Haha, I've got a defense for my inconsistency. Bugger off, you wonderful people who’d never call me on it. Honestly, time between posts probably contributes the most to that inconsistency. I believe there were nine or ten months between part three and four. Yeah. I know. That’s why I’m writing the next three or four parts all together. Granted, they may not fit the blog format with cliffhangers and all that jazz, but it’s more satisfying as an author to be writing for the story’s own sake, as opposed to writing for blogging’s sake.  

Oh! And prompt! Caleb already posted his (link for the lazy), and mine is...coming. He made me promise to write something happy for a change, so it’s become a bit of a challenge. Trust me when I say that suicides are always easier to write than proposals. Though some would argue they’re the same thing...Hey-O!

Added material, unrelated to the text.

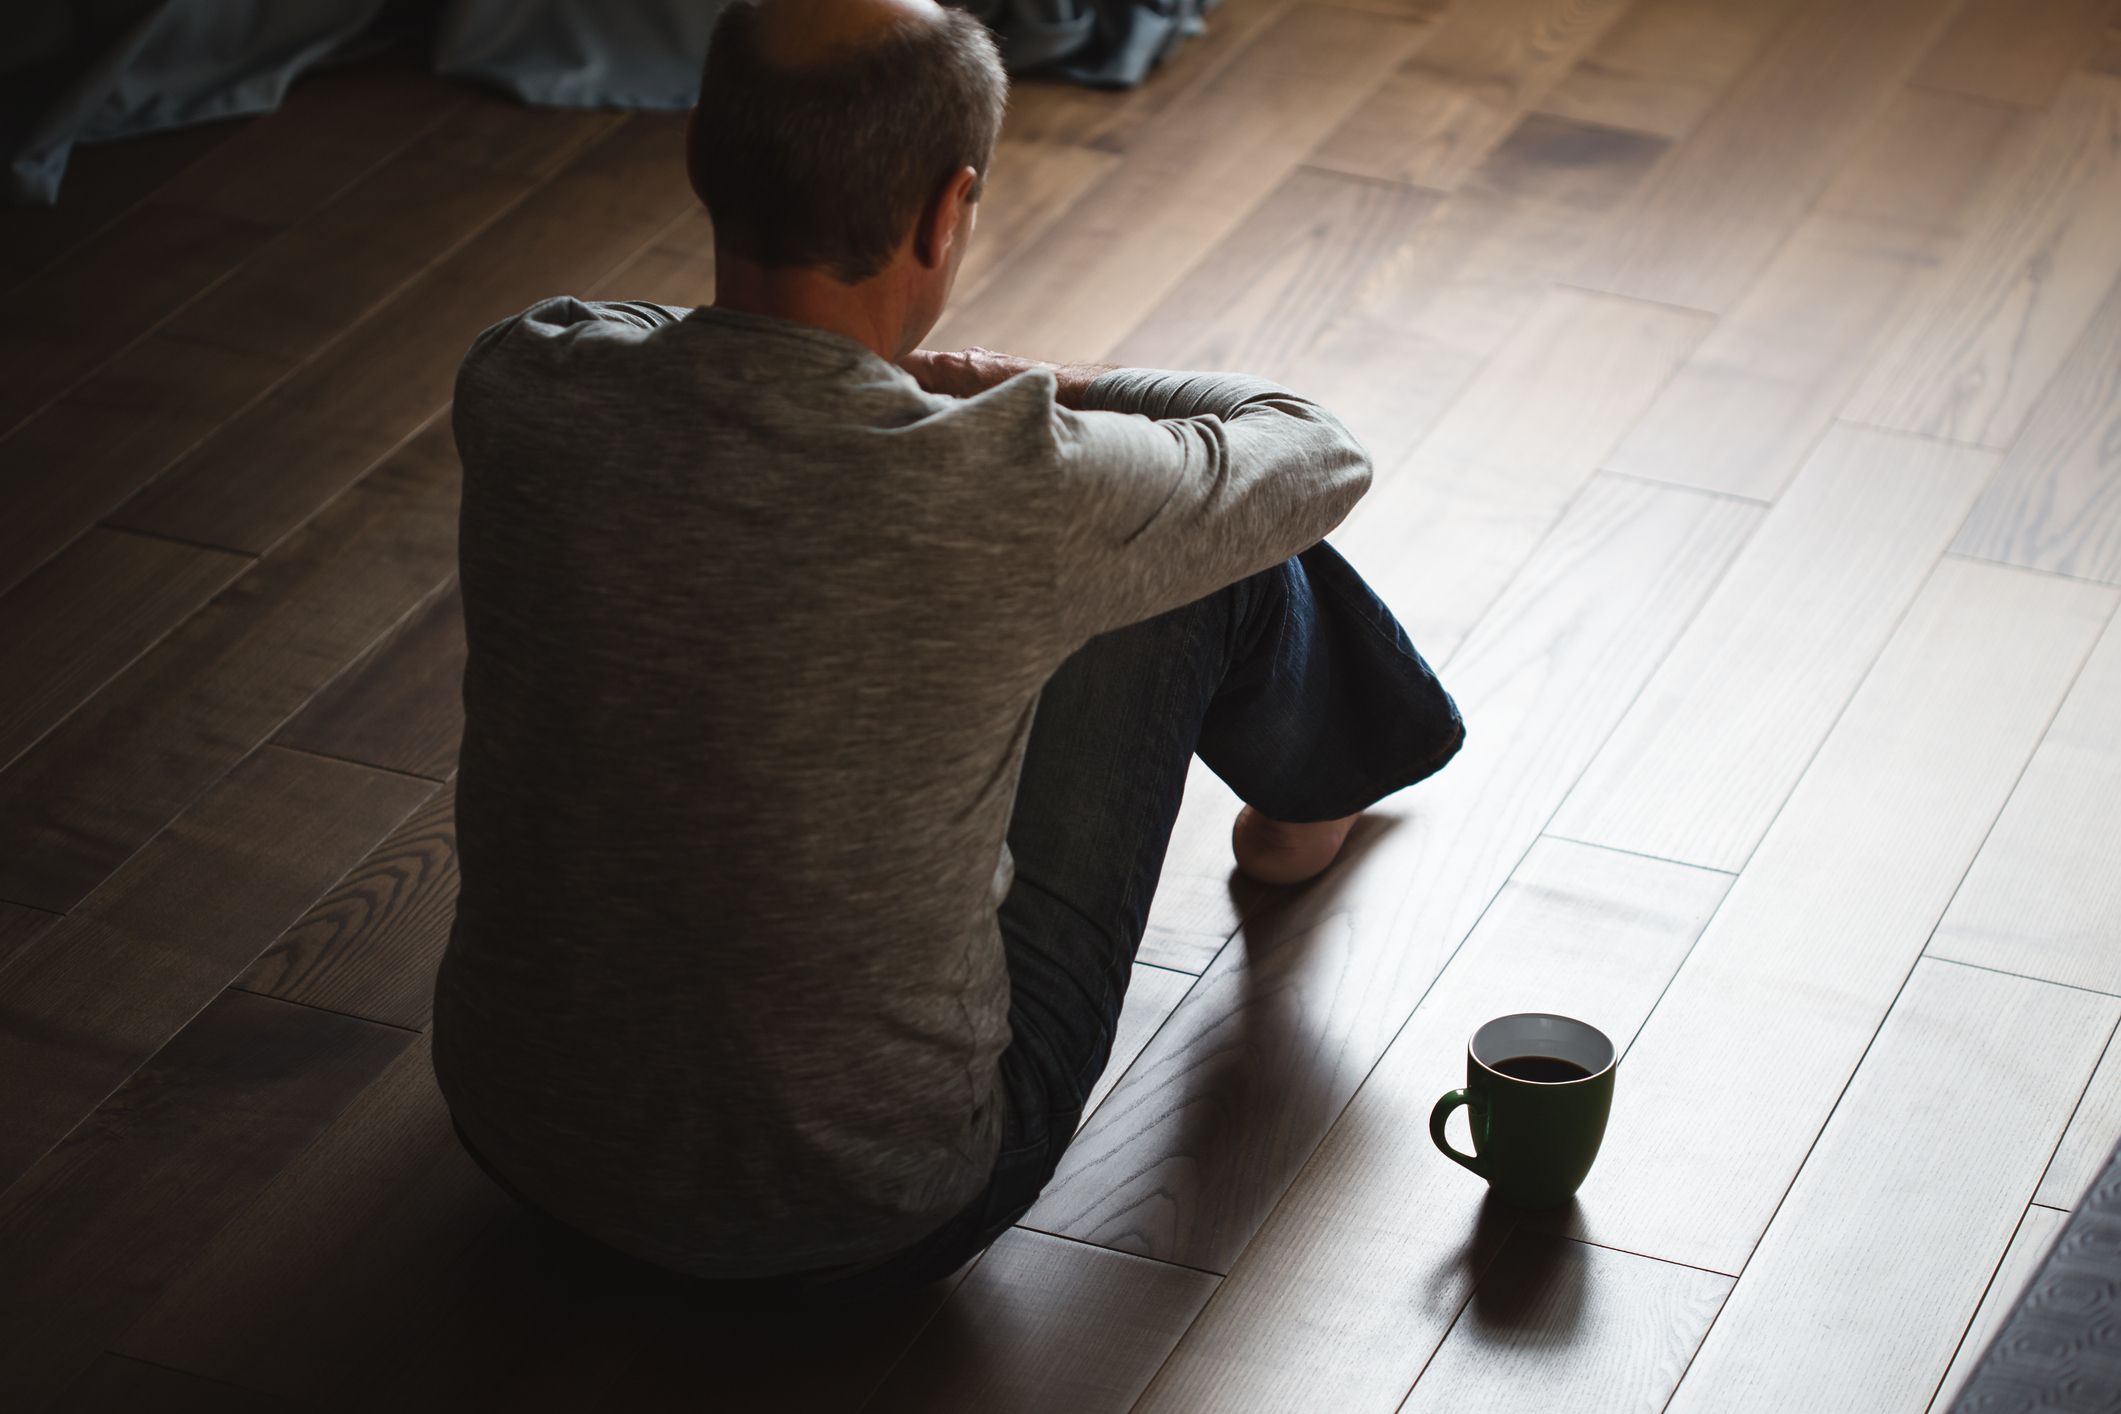 A person deep in thought, sitting on floor with back to camera, holding knees, near a mug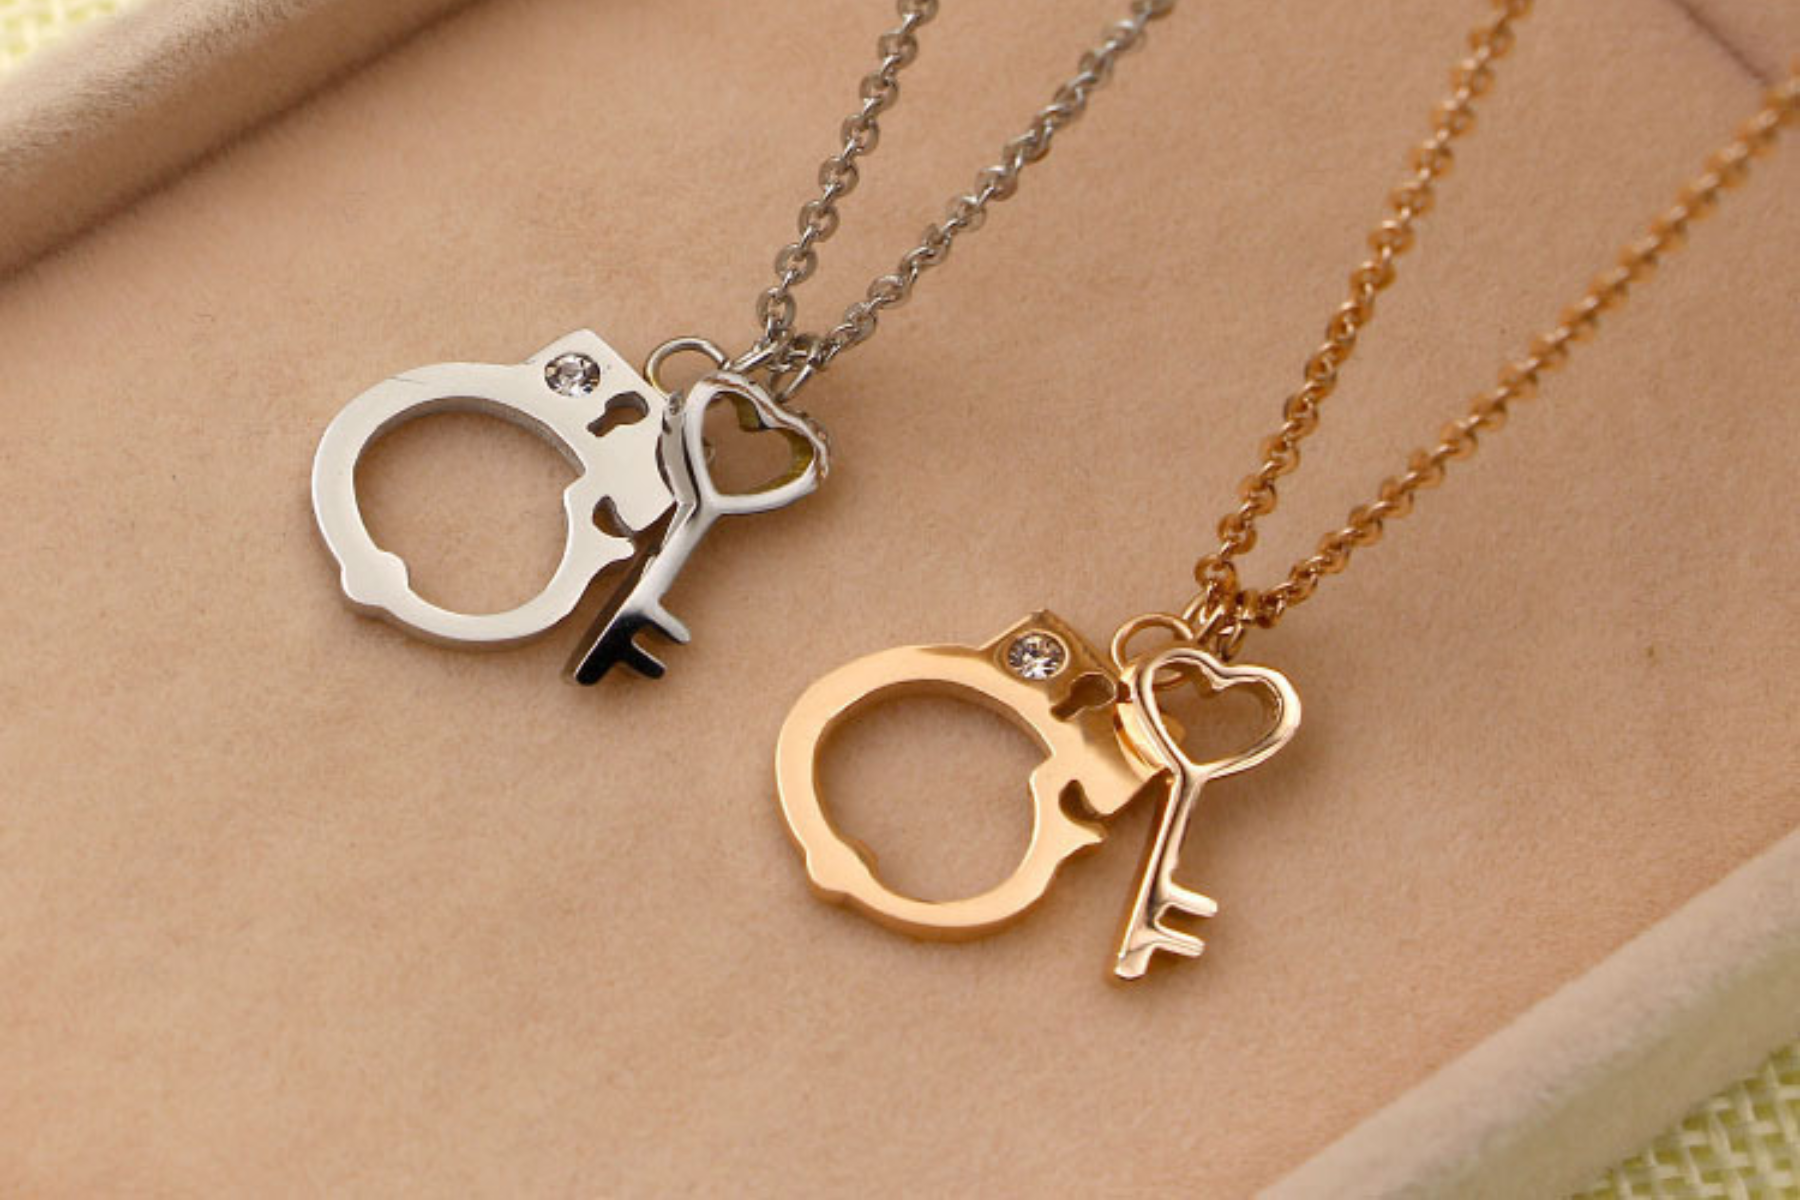 Handcuff Necklaces For Couples - Trendy And Unique

Dear, dear reader. I need sleep. Farewell. And remember kids: Coldplay still sucks.

2 comments:

  1. I wish you would just post the blasted thing, chappie! It's so very fantastic, I squeal a little whenever it comes to mind during my workday (Or otherwise, but why mention it?). Honestly, when I told you to write something "happy" I figured it would just be a slight change in pace for your writing...

    I never imagined it would be a definite handicap or a request that would hang you up and hold you down. For that, I'm only all the more glad that I made it. Because I'm a selfish, evil, sob. The hope is that you'll be writing flowery scenes of drudgery more easily because of this.